### Given data
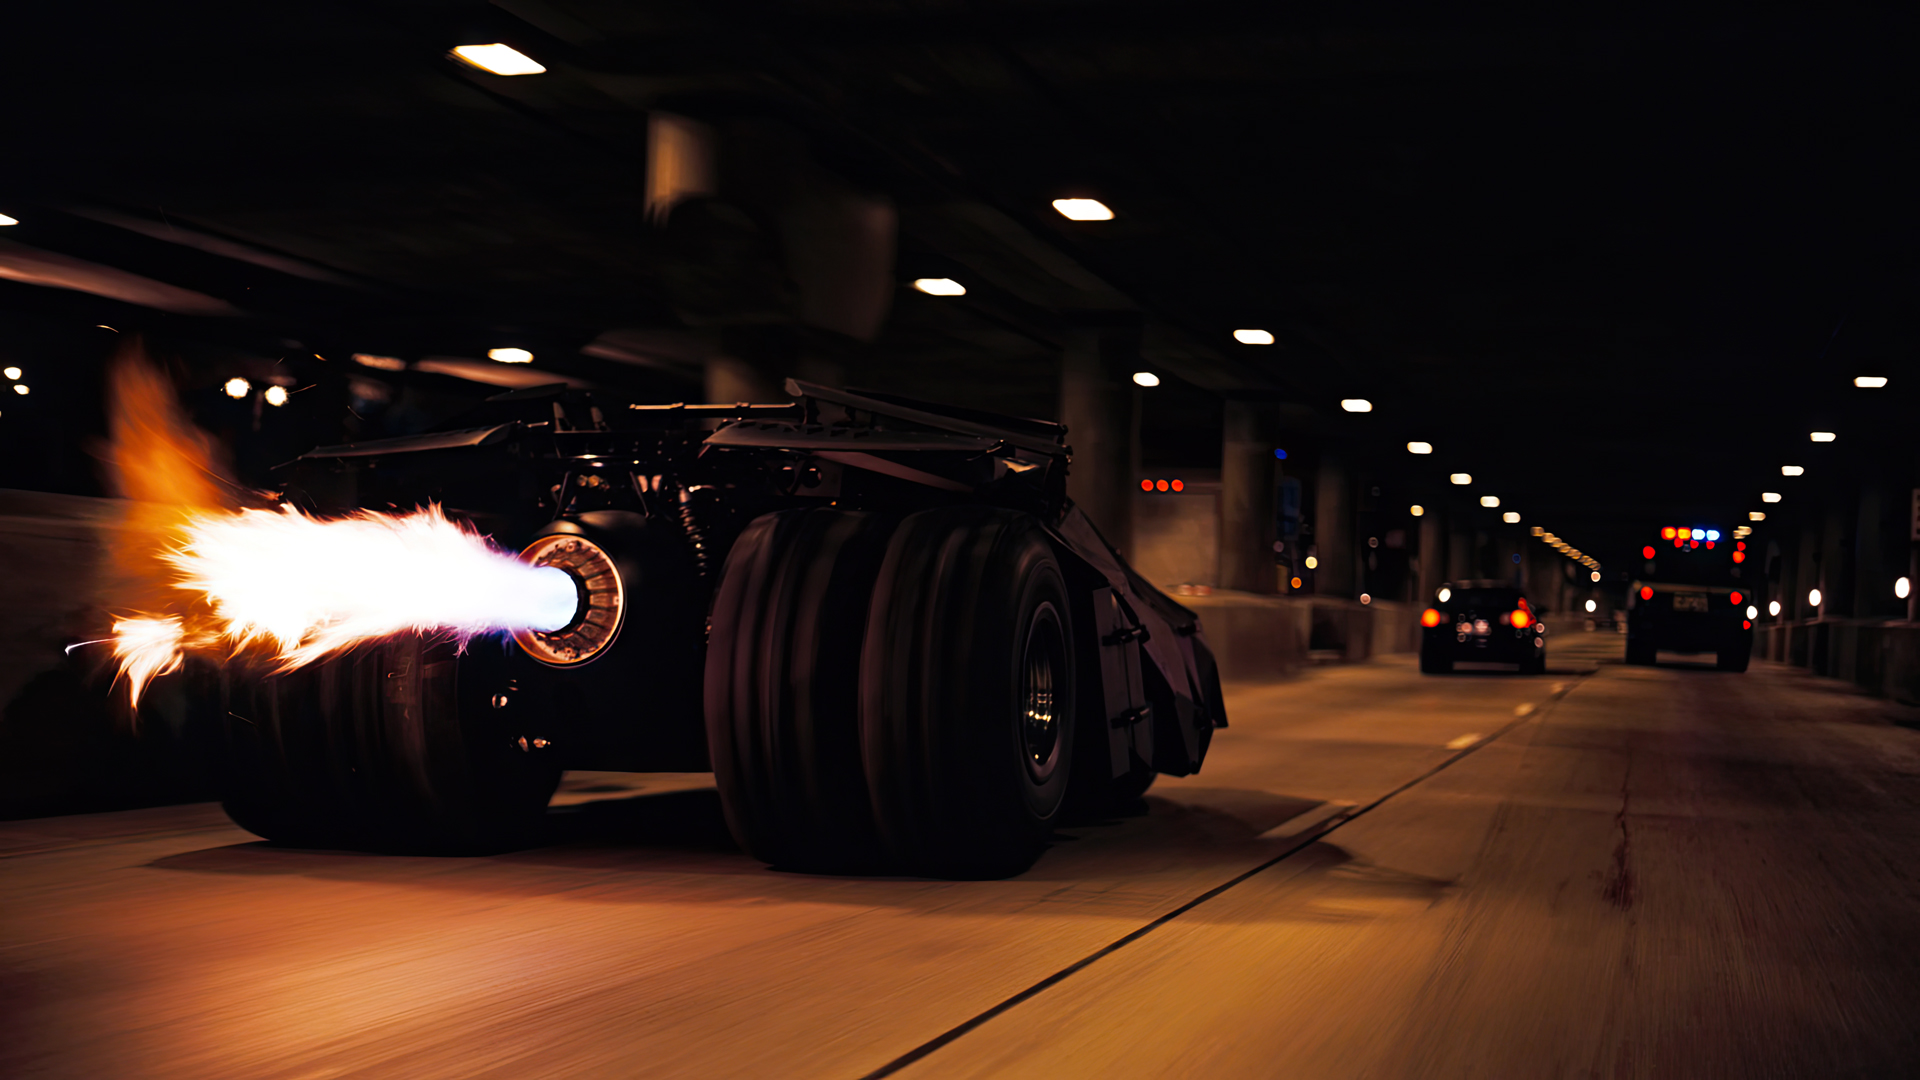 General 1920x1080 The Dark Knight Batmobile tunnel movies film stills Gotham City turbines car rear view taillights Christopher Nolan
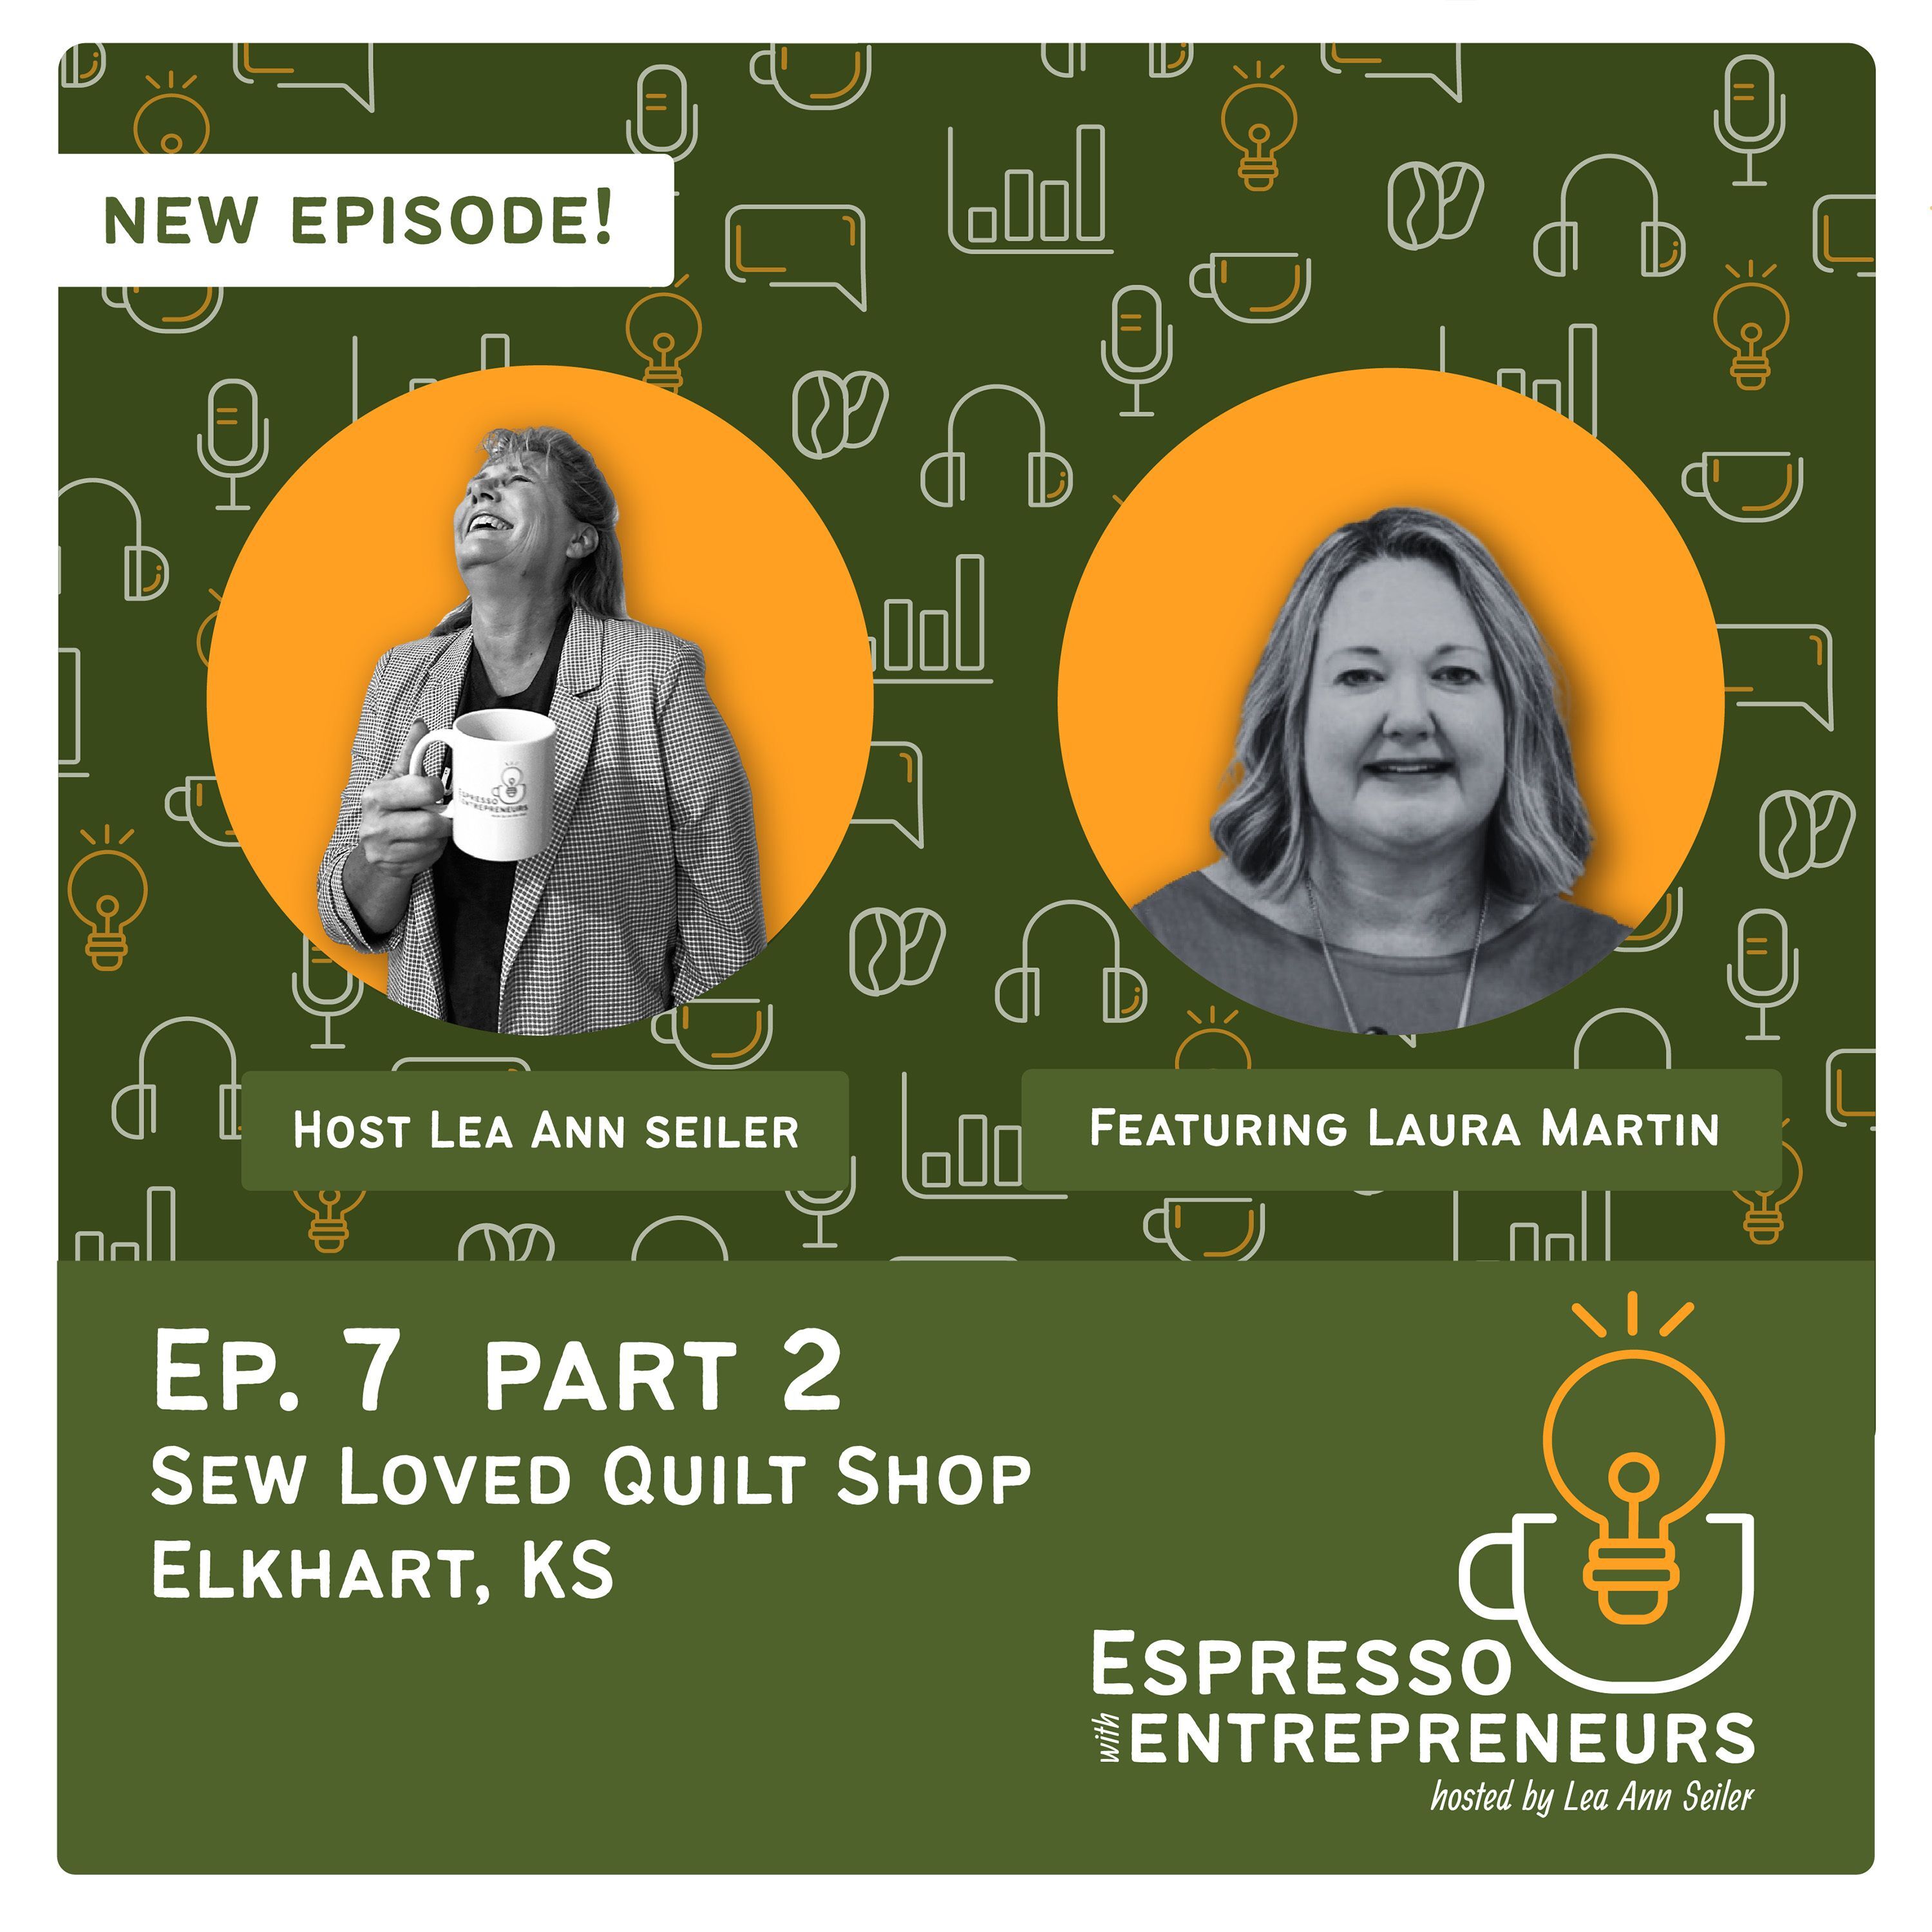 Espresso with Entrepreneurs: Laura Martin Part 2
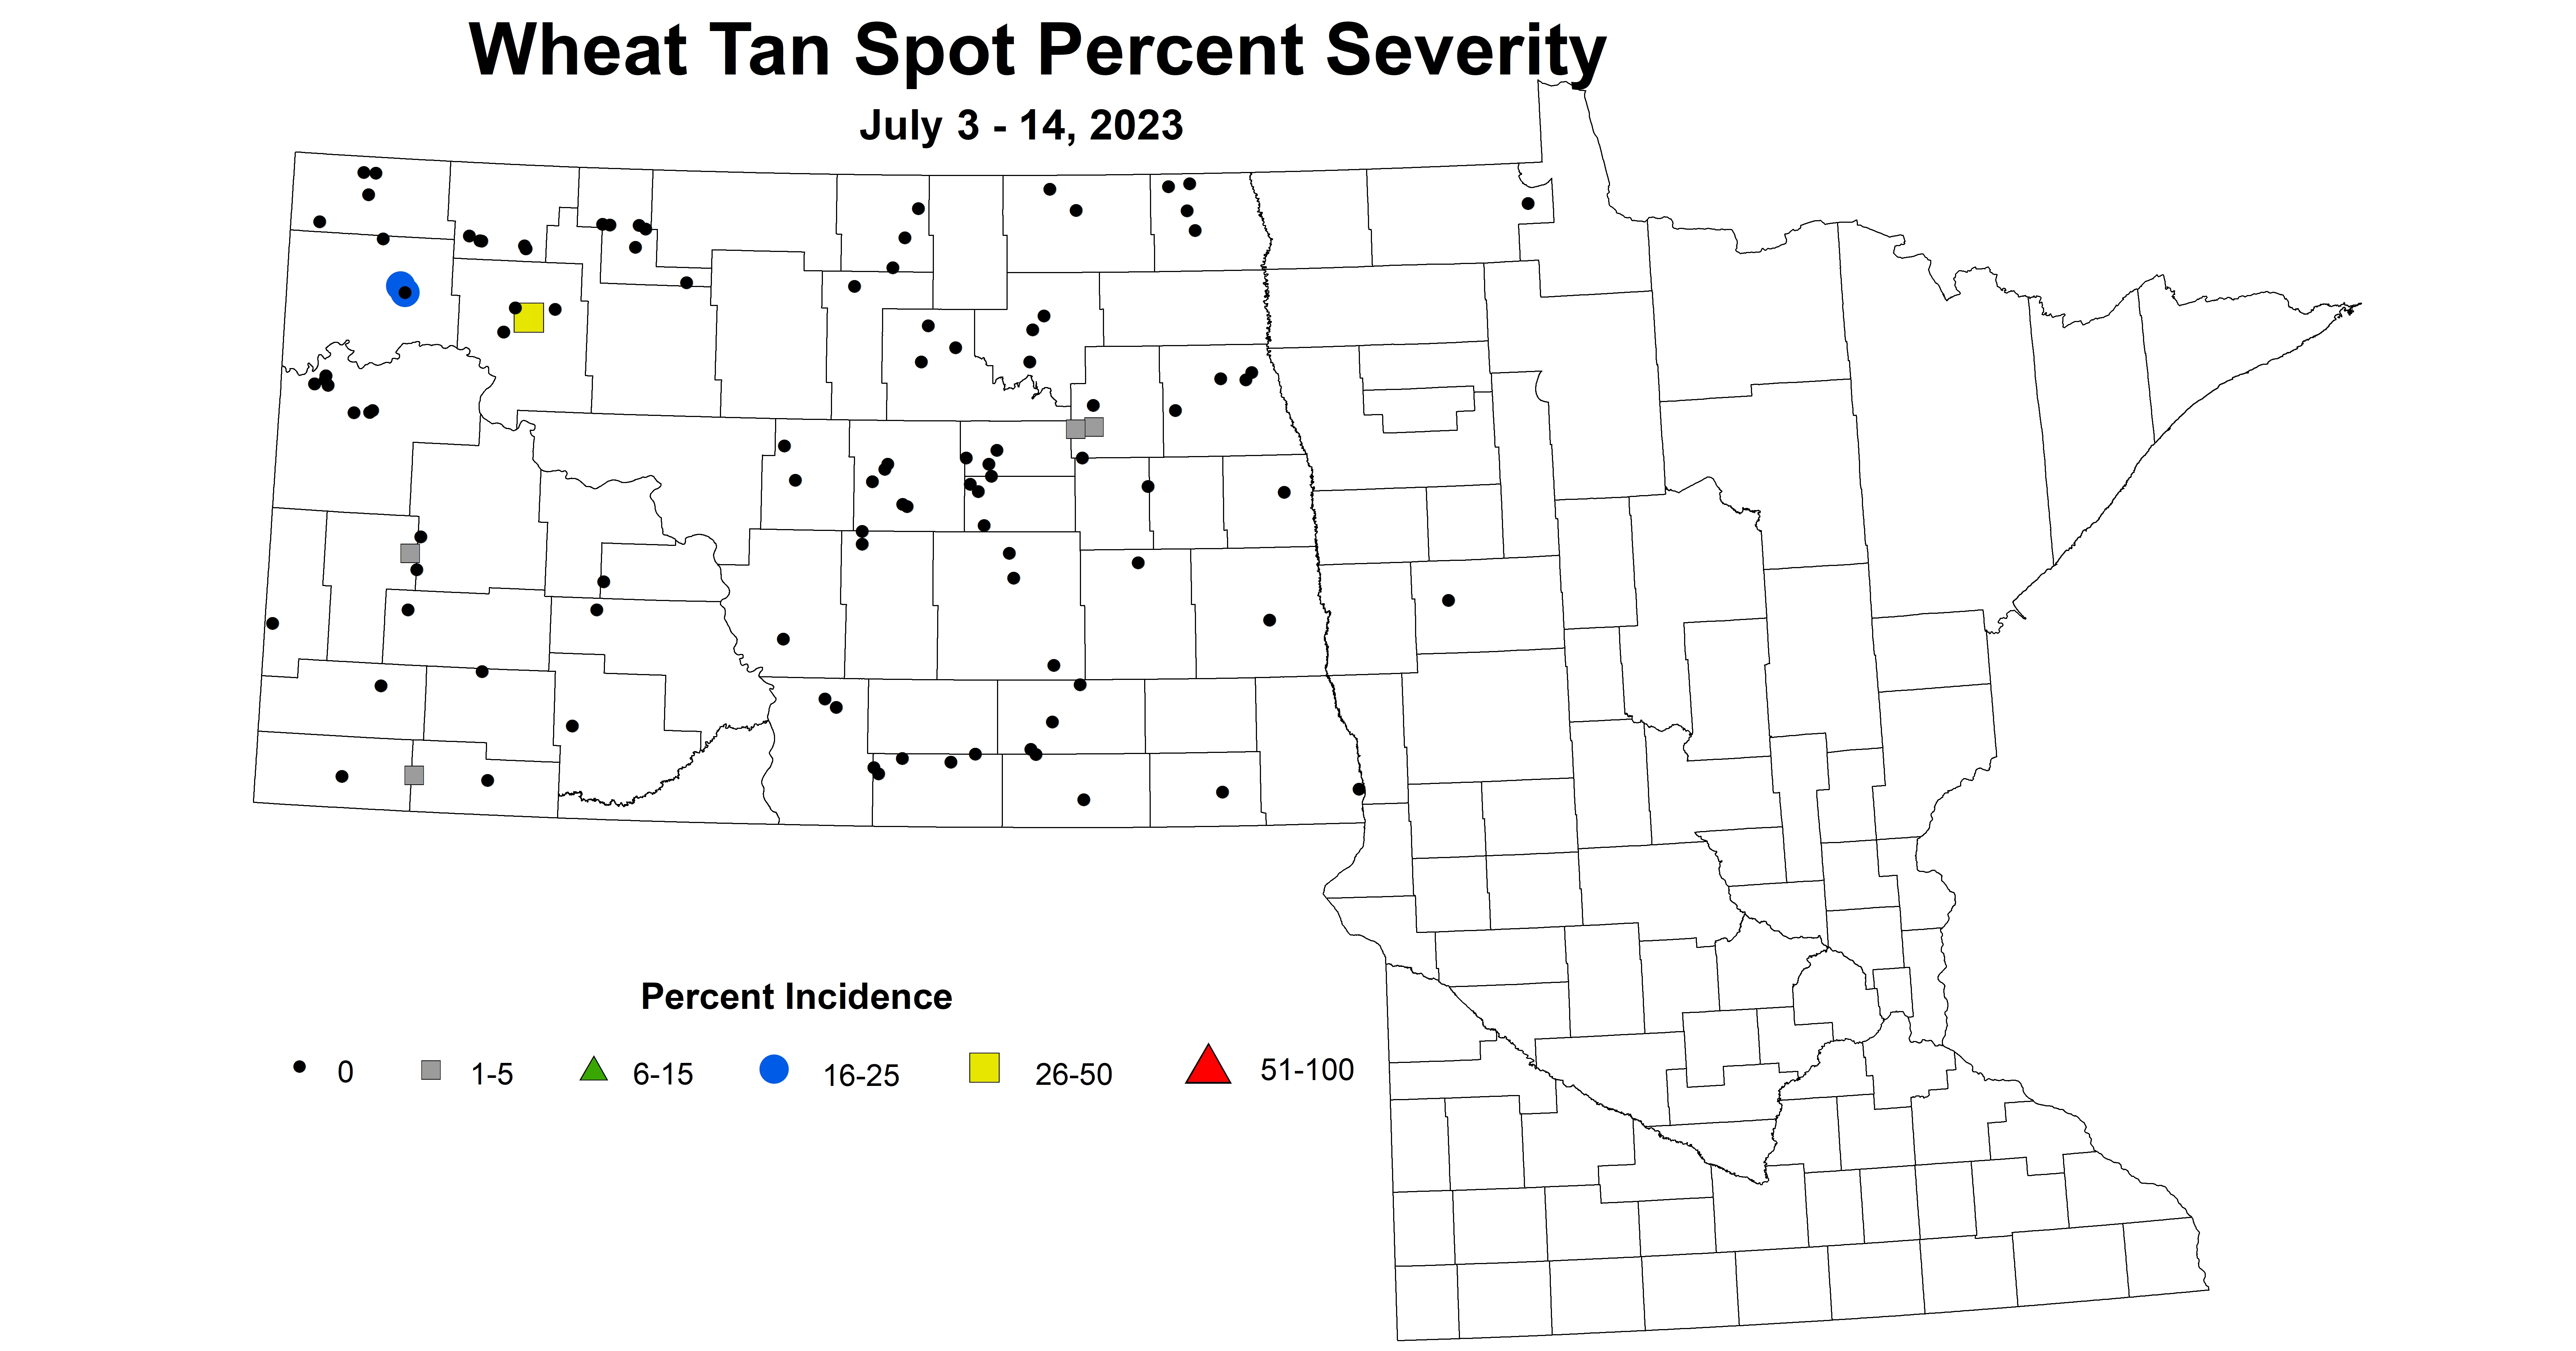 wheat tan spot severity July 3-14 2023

### Exercise details
Only the text of the material belongs in your copy, which must match the original exactly.

### The completed task
 General 1920x1080 The Dark Knight Batmobile tunnel movies film stills Gotham City turbines car rear view taillights Christopher Nolan
 Espresso with Entrepreneurs: Laura Martin Part 2
 wheat tan spot severity July 3-14 2023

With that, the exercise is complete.